На этот раз Дракон не отреагировал, видимо хмель начал улетучиваться из организма, забирая с собой доброту, щедрость и пресловутое чувство справедливости, которым так славится русский национальный характер.
– Если хочешь проявить себя, пацан, покажи чуркам возле хоккейной коробки, кто тут хозяин – очнулся вдруг Дракон – а мне нужно идти разбираться с мудаками из третьего.
Петр стоял, вдыхая остатки сигаретного дыма, слушал, что ему говорит внутренний голос: «Парень, ты разделяешь бычок с самыми крутыми людьми на районе. Давай, докажи всем этим ублюдкам, вроде Кислого, что ты не лох и ссыкло…»

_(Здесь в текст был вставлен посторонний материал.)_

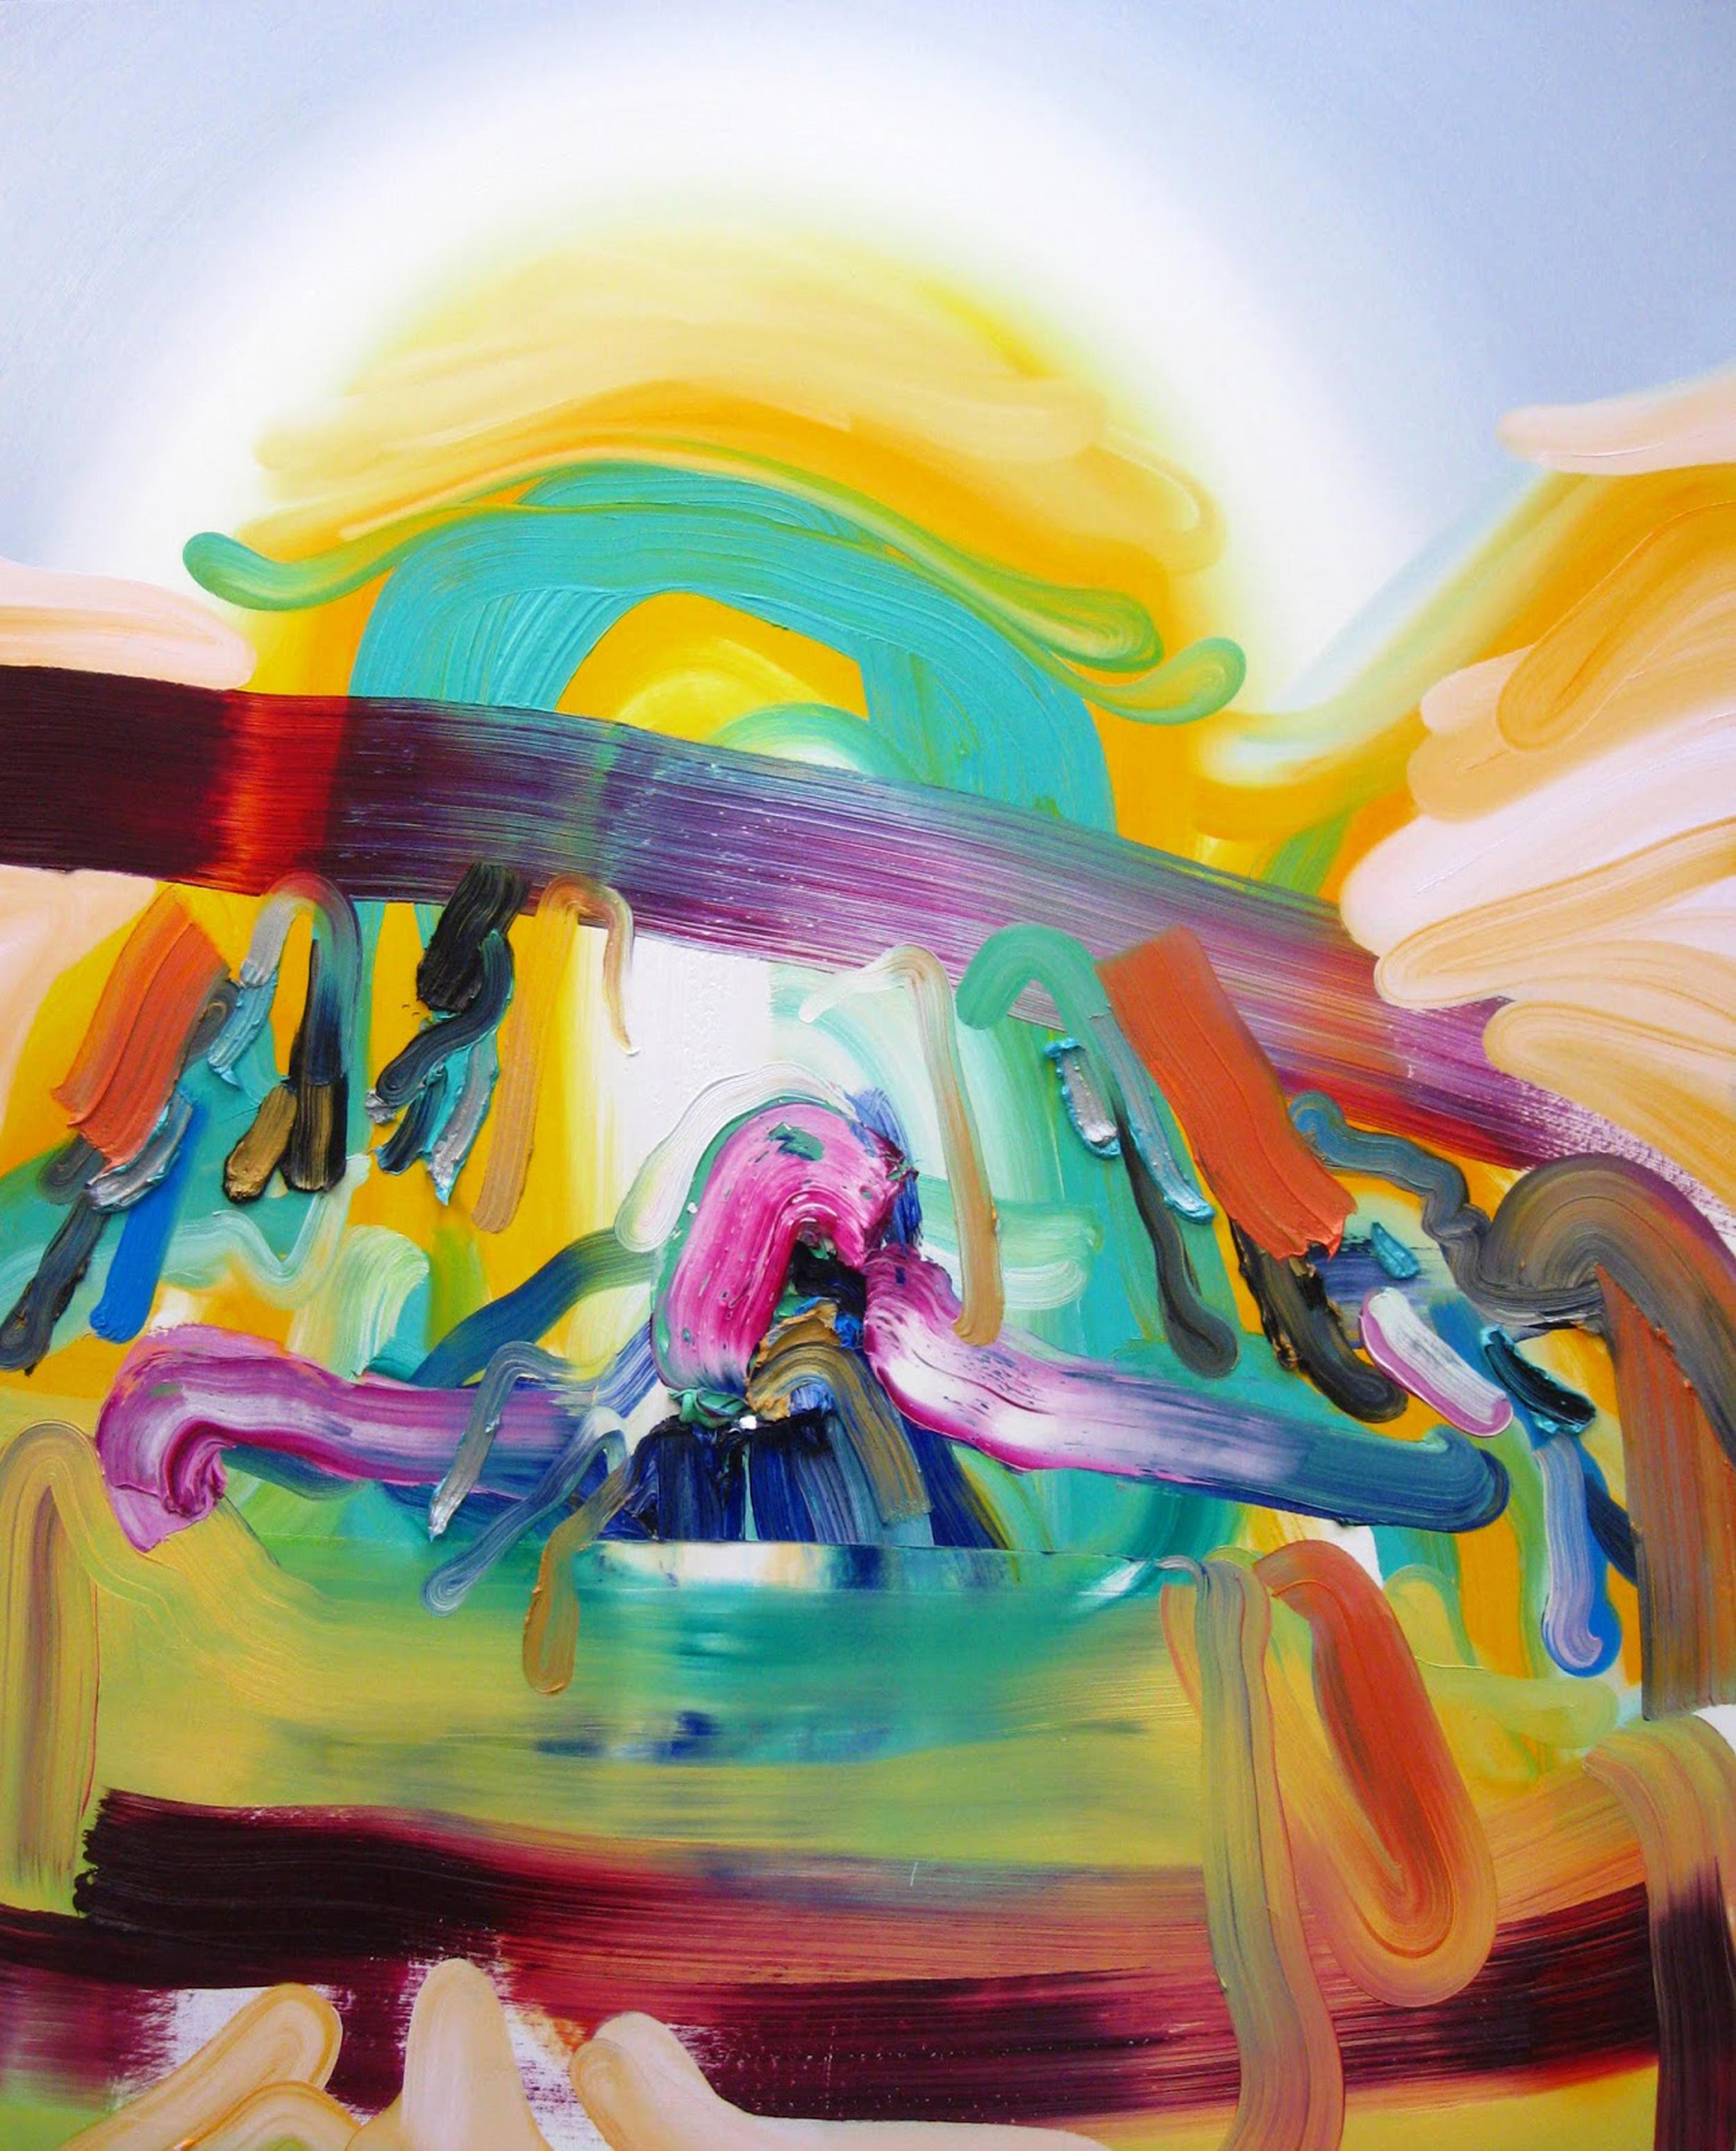 Rain Dance / oil on canvas / 50 x 40 inches

Петра угнетало положение дел, при котором его могли обобрать в своем же районе по праву сильного, он чувствовал себя не умеющим плавать, в холодном открытом океане, барахтающимся, словно беззащитный мышонок, служащий игрушкой для пираньи в аквариуме перед съедением. Рядом с этим чувством томилось легкое и приятное пламя трепета при виде разгуливающих по улицам банд. Но постепенно Кислый с подручными освобождали нишу держателей района по разным причинам: кто-то присаживался за разбой, кто-то погибал в драке или от передоза. Пустое место заполнило новое поколение, в числе которого был и возмужавший Петр. А место страха и трепета перед старшаками внутри Петра заняло чувство превосходства и особой миссии, которою он выполняет на районе. Когда они ограбили первого мальца в столовке, он ощутил всю привилегированность, и вытекающую из нее мощь хозяина жизни. Осознавая собственное влияние на жизни других, он раздумывал, как бы это все не растерять и кому бы передать бразды правления. Награбленное пацаны делили между собой, и получался солидный куш. Жизнь пошла в гору. Если на улице счастливец говорил всем «Это место для хозяев жизни!», то дома, проигрывая в схватках с отцом, он четко знал, чем слуга отличается от раба: Раб завистлив и пытается завладеть местом хозяина, слуга же предан хозяину и понимает, что у всего в этом мире есть свое место, в том числе и у него самого.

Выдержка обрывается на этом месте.